■ **WHAT IS REQUIRED**: Transcribe the data underneath exactly. No images belong in your version.

■ **INPUT DATA**:
════

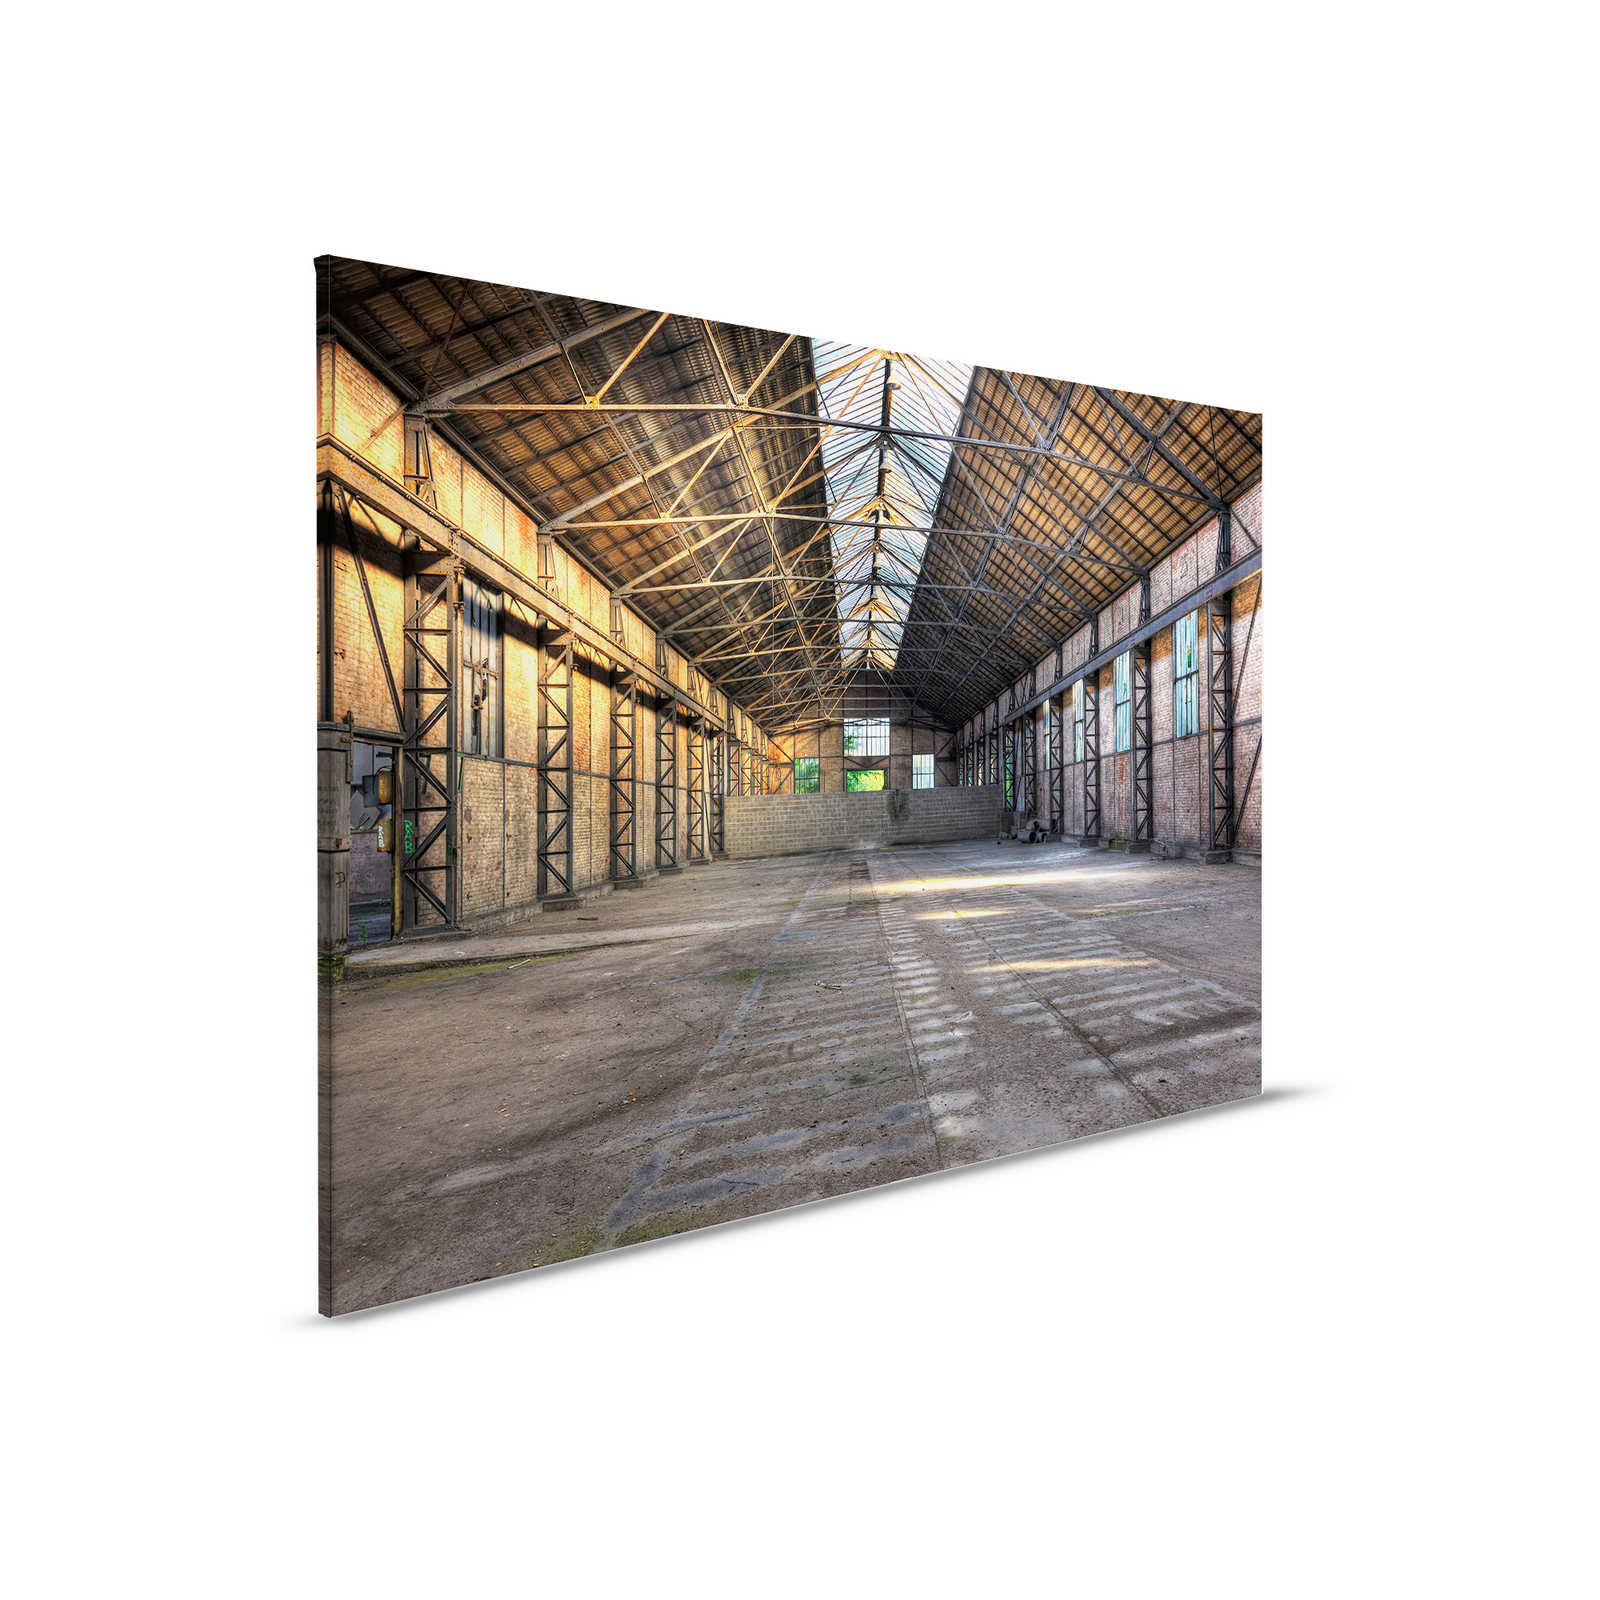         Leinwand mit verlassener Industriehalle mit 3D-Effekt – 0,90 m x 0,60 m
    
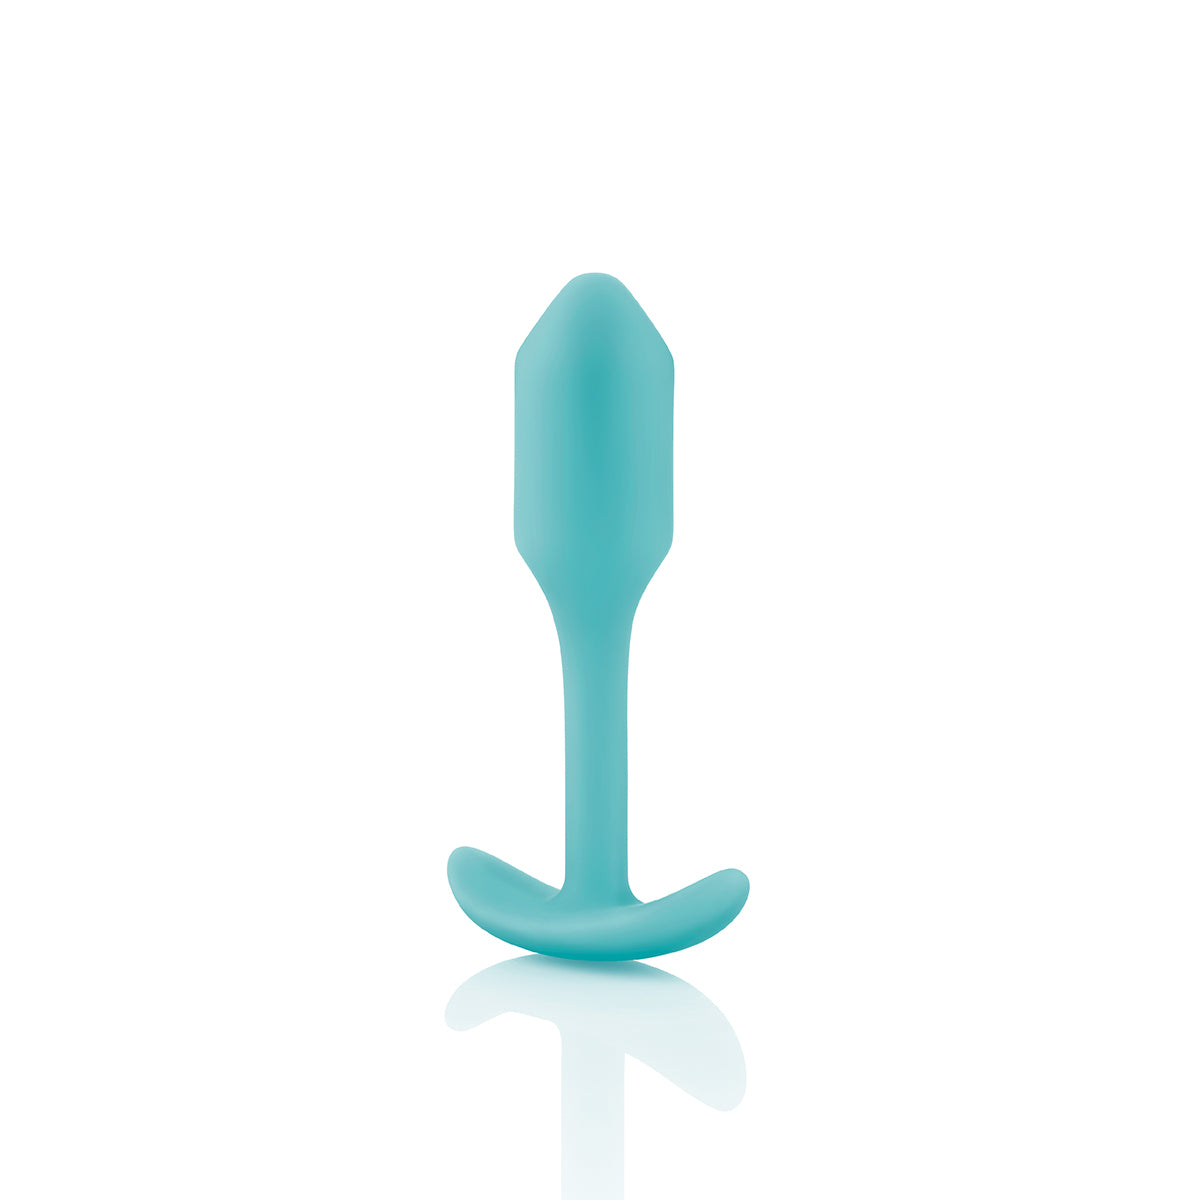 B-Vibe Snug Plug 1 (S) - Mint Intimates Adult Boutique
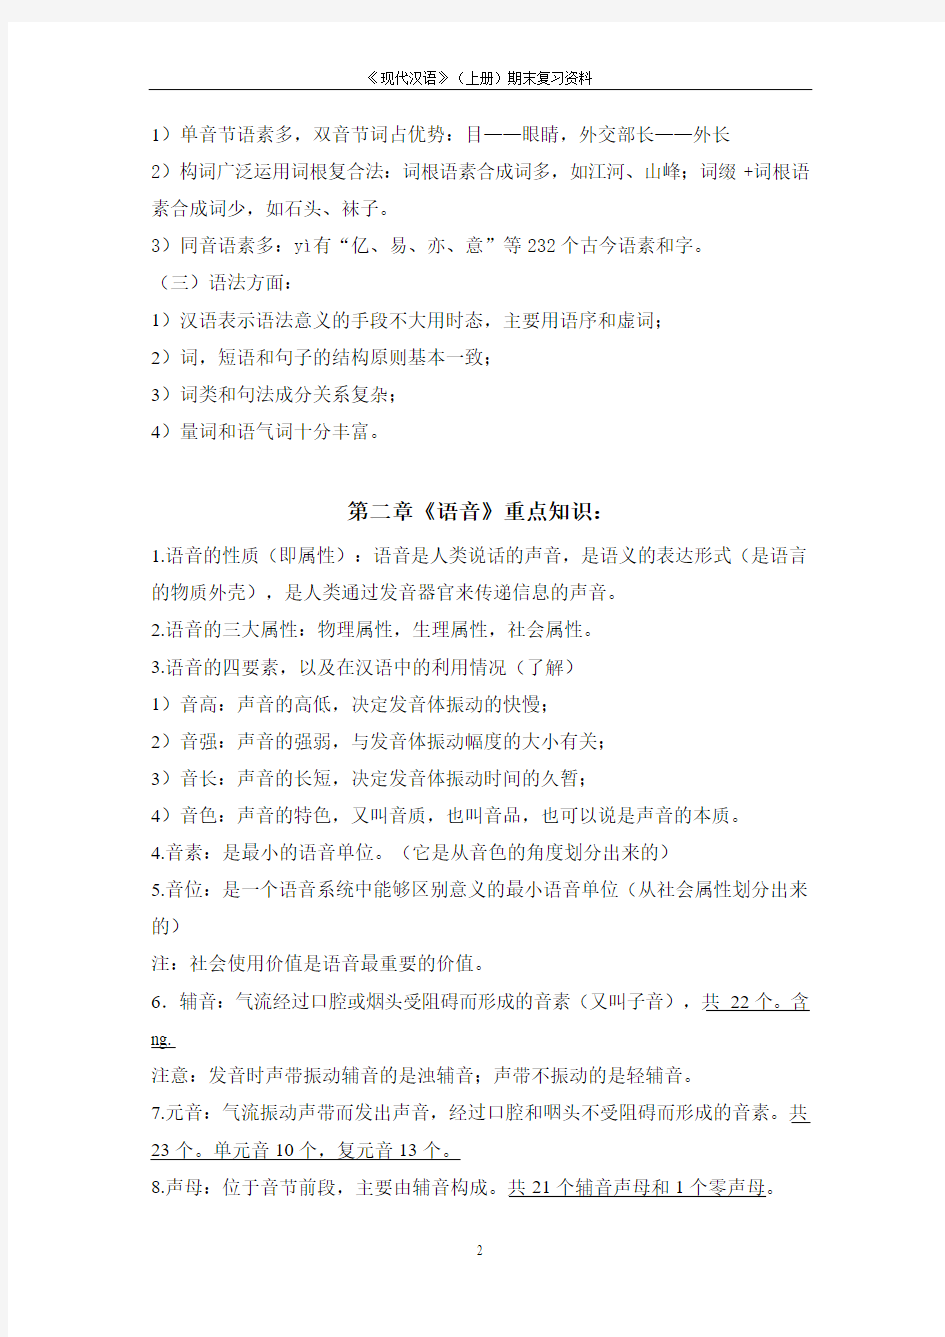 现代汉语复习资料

════

■ **SOLVED EXERCISE**:
         Leinwand mit verlassener Industriehalle mit 3D-Effekt – 0,90 m x 0,60 m
    
 B-Vibe Snug Plug 1 (S) - Mint Intimates Adult Boutique
 现代汉语复习资料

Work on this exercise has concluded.